Appearance before the Standing Committee on Access to Information, Privacy and Ethics to discuss the study about the breach of personal information involving Cambridge Analytica and Facebook

April 17, 2018
Ottawa, Ontario

Opening Statement by Daniel Therrien
Privacy Commissioner of Canada

(Check against delivery)

---

Introduction

Good morning Honourable Members.

I would like to thank the Committee for the invitation today to discuss the privacy implications of online platforms and appropriate legislative responses to the concerns of citizens about how their personal information is being used.

As you are aware, I received a complaint about this matter and announced some weeks ago that my Office is conducting a formal investigation into how personal information on Canadians has been impacted by the activities of Facebook and Aggregate IQ.

Due to my confidentiality obligations under the law, I’m not in a position to discuss the details of this investigation with you today. I cannot prejudge our findings.

What I can share with you, however, is some perspective on the wider context that may assist you as you begin your study.

Trust and the Economics of Personal Information

Canadians want to enjoy the many benefits of the digital economy, but they rightly expect they can do so without fear that their rights will be violated and their personal information will be used against them.

They want to trust that rules, legislation and government will protect them from harm.

In the recent Facebook matter, what happened, as acknowledged by CEO Mark Zuckerberg, was a "major breach of trust".

And as recognized by the CEO of another giant tech company, Tim Cook of Apple, the situation is so dire that it is now time to develop well-crafted legislation to regulate the digital economy.

The time of self-regulation is over.

In Canada we, of course, have privacy legislation but it is quite permissive and gives companies wide latitude to use personal information for their own benefit.  

Under PIPEDA, organizations have a legal obligation to be accountable, but Canadians cannot rely exclusively on companies to manage their information responsibly.

Transparency and accountability are necessary but they are not sufficient.

To be clear, it is not enough to ask companies to live up to their responsibilities.

Canadians need stronger privacy laws that will protect them when organizations fail to do so.

This was a major conclusion of my annual report to Parliament last year and a point I made during your recent study of PIPEDA, Canada's private sector privacy law.

Significantly, given the opaqueness of business models and complexity of data flows, the law should allow my Office to go into an organization to independently confirm that the principles in our privacy laws are being respected — without necessarily suspecting a violation of the law.

The time has also come to provide my office with the power to make orders and issue financial penalties — helping us to more effectively deal with those who refuse to comply with the law.

Strengthened legislation does not need to be an impediment to innovation.

We know that personal information plays a key role in the digital economy, including advances in the field of artificial intelligence which are necessary for Canada’s social and economic development.

We need legislation that ensures as a general rule that Canadians provide meaningful, informed consent for the collection and use of their personal information. But consent will not always be possible in the world of big data and artificial intelligence, where personal information may be used for multiple purposes not always known when it is collected.

This is why we recommended that Parliament examine exceptions to consent. We believe such exceptions, subject to conditions that would offer other forms of privacy protection, are preferable to relying on an interpretation of consent that is so broad as to become meaningless.

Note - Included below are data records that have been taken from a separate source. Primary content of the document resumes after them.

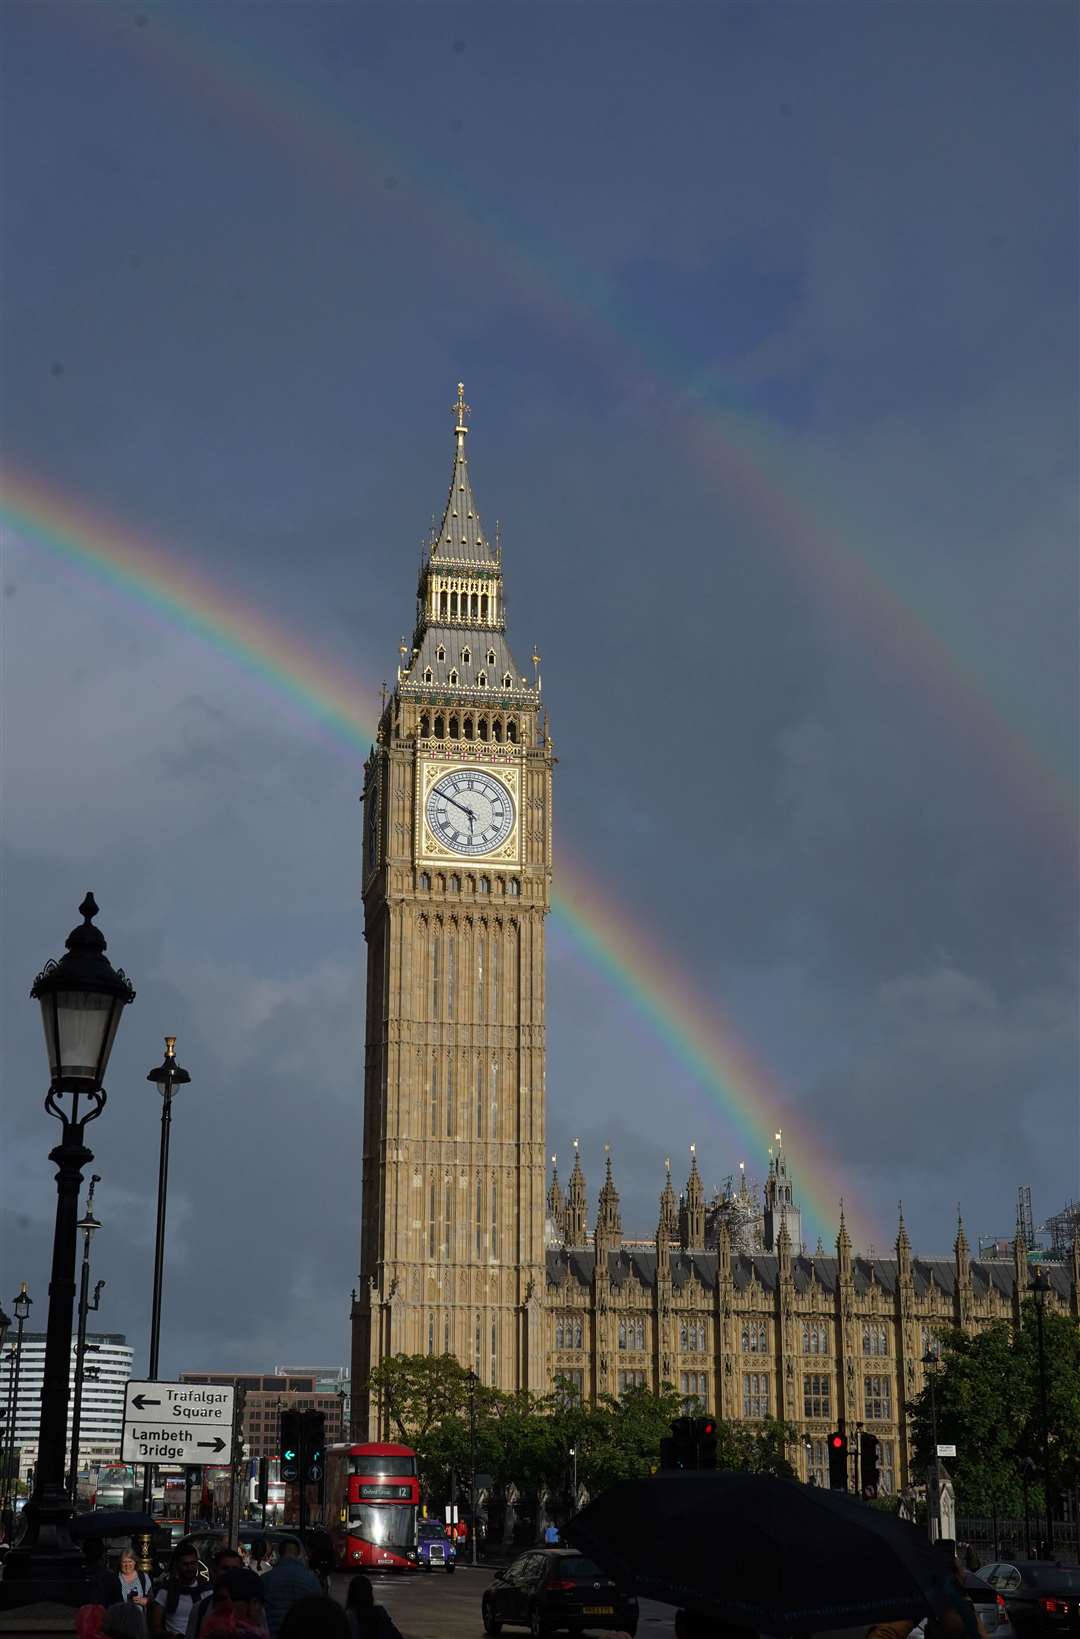 A double rainbow is seen over Elizabeth Tower in Westminster, London, following a rain shower (Ian West/PA)
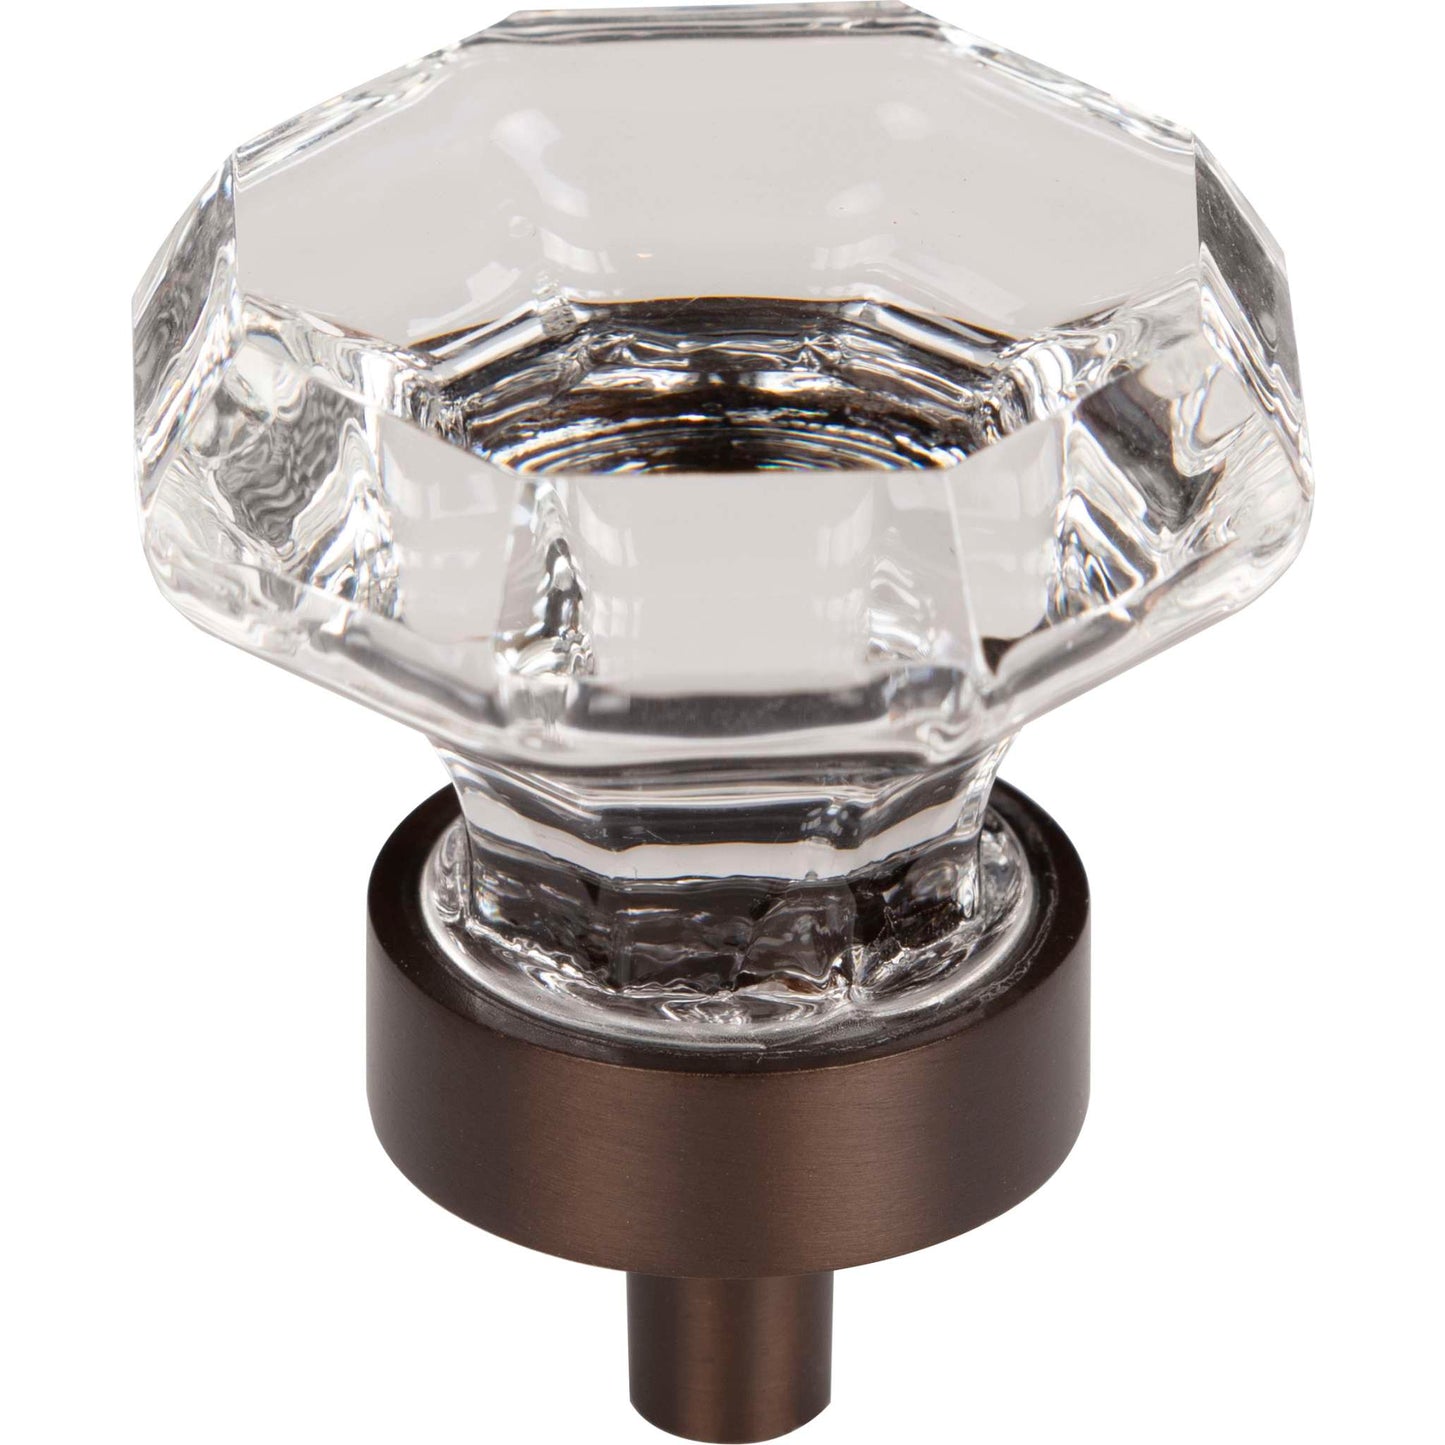 Top Knobs - Clear Octagon Crystal Knob
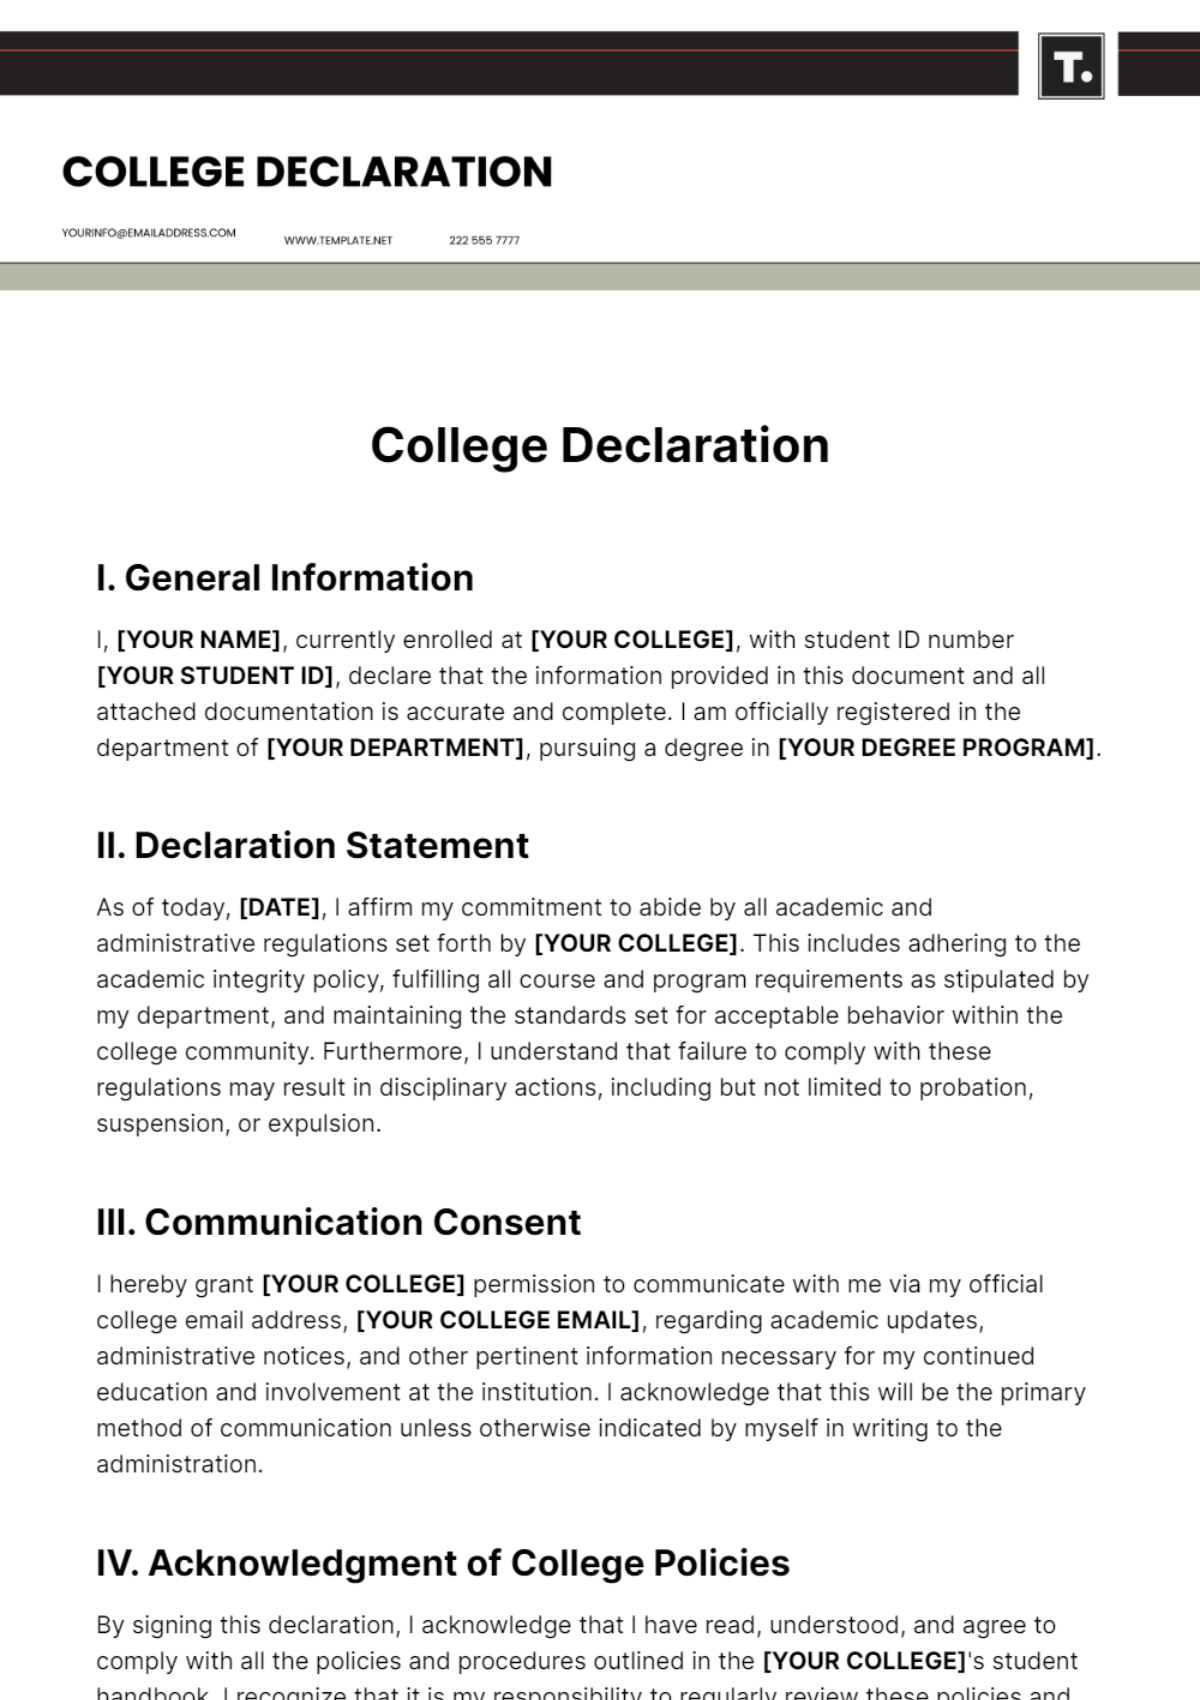 College Declaration Template

We prefer narrower, specific exceptions — but we recognize that one option could be a European-style legitimate interest exception.

I’m very pleased that your committee recently issued a report calling for comprehensive changes to the federal private sector privacy law, which included several recommendations I had made, and others that would significant improve the privacy rights of Canadians.

Your report has shown that you are attuned to the issues stemming from the dated state of federal privacy laws in Canada and you have actively called upon the Government to make comprehensive changes. Many in society are making similar calls. Even leaders of the tech industry now see the need for enhanced regulations.

If there ever was a time for action, this is it.

Privacy protections and political parties

Another area ripe for action concerns privacy protections and political parties.

As you are aware, no federal privacy law applies to political parties; British Columbia is the only province to cover them.

This is not the case in many other jurisdictions.  The UK, much of the EU and New Zealand all cover political organizations with their laws.

In point of fact, in many EU states, information about political views and membership is considered highly sensitive, even within existing data protection regimes, requiring additional protections.

There are also now — in the digital environment — so many more actors involved: data brokers, analytics firms, social networks, content providers, digital marketers, telecom firms and so forth.

So while I am currently investigating commercial organizations such as Facebook and Aggregate IQ, I am unable to investigate how political parties use the personal information they may receive from corporate actors.

This is an important gap.

Some independent authority needs to have the ability to review the practices of political parties and to assess whether privacy rights are being truly respected by all relevant players.  

This gap requires addressing in one statutory form or another, either in privacy laws, in the Canada Elections Act or in a specific statute.

Conclusion

In conclusion, I would again highlight the urgency to act, as well as the stakes involved.

The integrity of our democratic processes — as well as trust in our digital economy — are both clearly facing significant risks.

I cannot think of more relevant questions for legislators to confront — and I applaud you for commencing this important study.  

Thank you again and I would welcome your questions.